Minister for Finance (Deputy Michael Noonan): Information on Michael Noonan Zoom on Michael Noonan The capital structure of the European Stability Mechanism (ESM) is set out in the ESM Treaty which was signed by Euro Area Member States on 2 February 2012. To obtain the highest possible credit rating, the capital structure of the ESM will have a total subscribed capital of €700 bn. Of this amount, €80 bn will be in the form of paid-in capital by the Euro Area Member States, paid in five equal instalments from July 2012. The balance of €620bn will be callable capital. The contribution key for each Member State is set out in Annex 1 to the draft Treaty and is based on the ECB capital contribution key. For Ireland the key is 1.592% of the total paid and committed capital.

Ireland’s share of the €80 bn in paid-in capital, based on our contribution key, will be just above €1.27 bn paid in five equal instalments of €254 m. Unlike the EFSF, there is no “stepping out facility” in the ESM when members enter a programme of support. Therefore, Ireland will have to pay its share of the paid-in capital.

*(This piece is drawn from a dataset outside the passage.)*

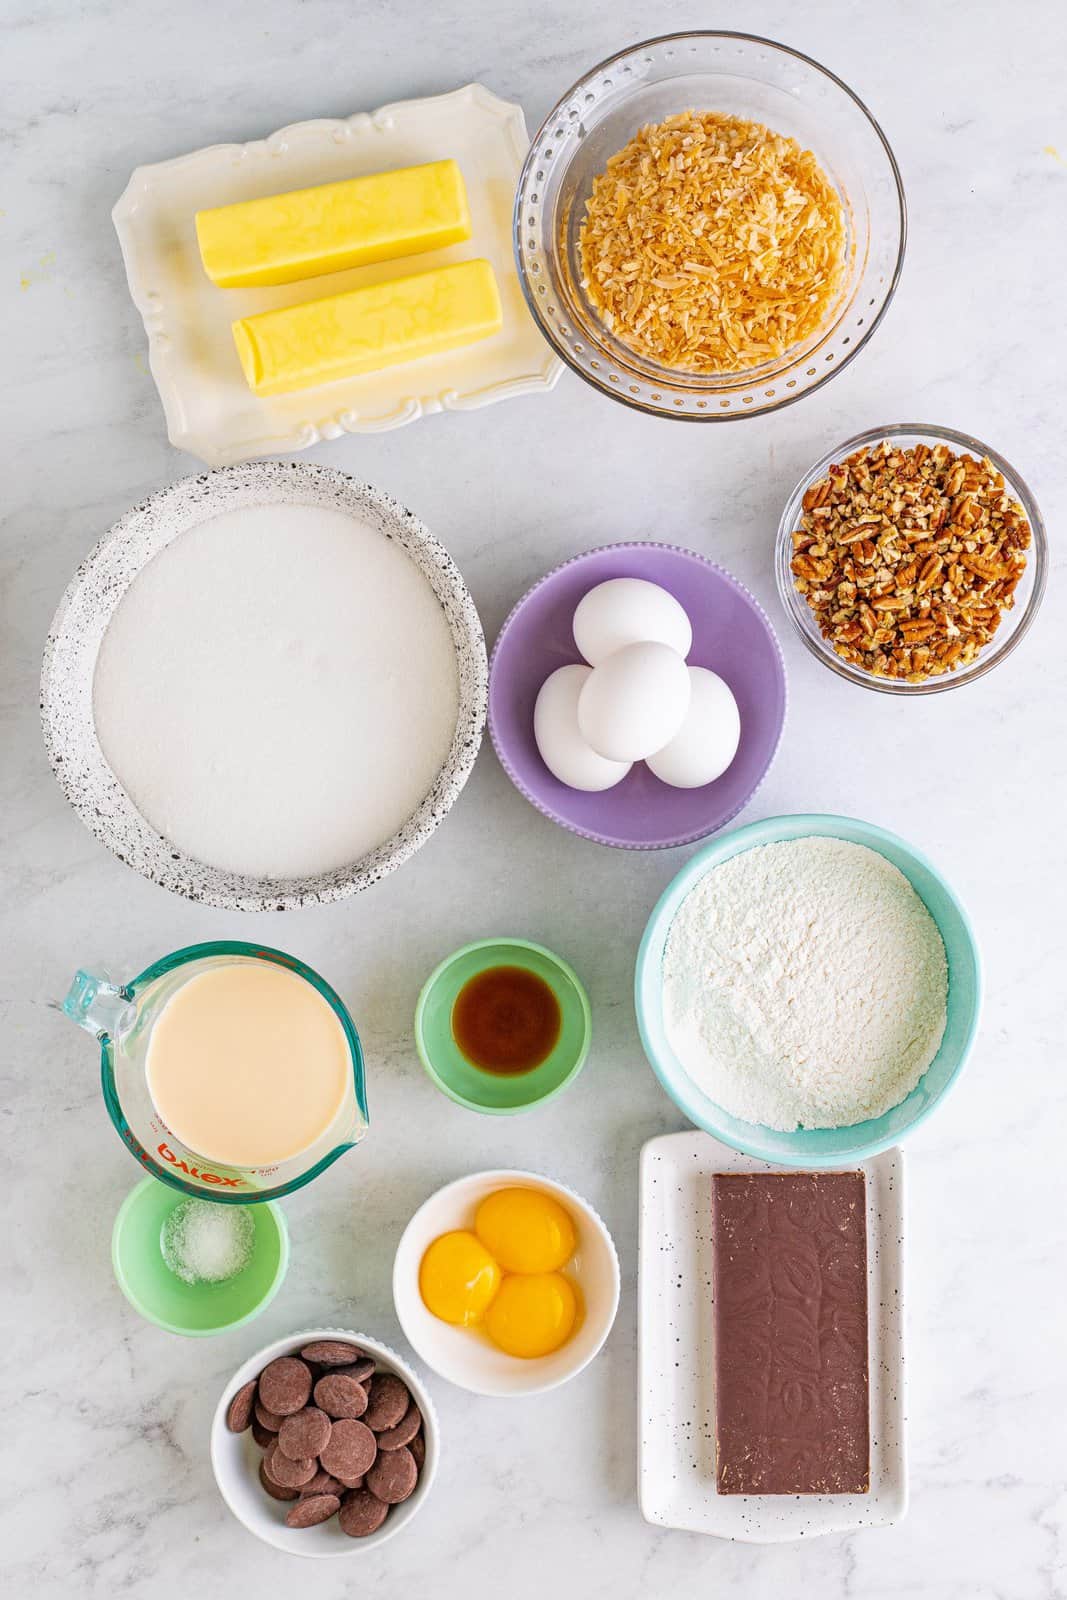 Ingredients needed: salted butter, german chocolate baking bar, granulated sugar, eggs, vanilla extract, fine sea salt, all-purpose flour, evaporated milk, egg yolks, toasted coconut, chopped pecans and chocolate melting wafers.

The ESM is being established as an International Financial Institution and on that basis Ireland’s contribution will be treated as a financial transaction. This means that while it will impact on Ireland’s Exchequer Borrowing Requirement, it will not impact on its General Government Deficit. Ireland’s share of the €620 bn callable capital is based on the same key, i.e. 1.592% of €620 bn making our share of the callable capital €9.87 bn.

Following decision of the Eurogroup on 30 March 2012, the paid-in capital will be made available more quickly than initially foreseen in the original ESM Treaty. Two tranches of capital will be paid in 2012, a first one in July, a second one by October. Another two tranches will be paid in 2013 and a final tranche in the first half of 2014.

The following additional information was provided under Standing Order 40A

As noted in the reply already provided, the paid in capital contribution to the ESM is treated as a financial transaction for general government accounting purposes. This means that while the paid in capital contributions envisaged for 2012, 2013 and 2014 will impact on the Exchequer balance in those three years, it will not impact on the general government deficit figure.

Our current EU/IMF programme of financial support runs until the end of 2013. It provides funding to support all Exchequer requirements arising in that time, including the ESM paid in capital contributions.

These contributions were not explicitly envisaged at the time the programme was agreed in 2010 as discussions on the ESM had not progressed at that stage.

In relation to the callable capital, Ireland's share is based on the Irish ECB capital contribution key of 1.592% and amounts to €9.87 billion. This amount is not included in any budget [357]provision or projection of our deficit targets and accordingly is not taken into account in our financing requirements under the programme. This is because the callable capital will only be required in the event that the ESM incurs losses of a magnitude which would necessitate a call of the unpaid or callable capital. The ESM treaty sets out the limited circumstances under which this could occur. In this context I would like to re-iterate that the ESM will fund any programme which it agrees to provide through borrowing on the financial markets to fund lending to programme countries. The capital base, both paid in and callable, provides the backing for the borrowing, but it will not be used to directly fund any programme.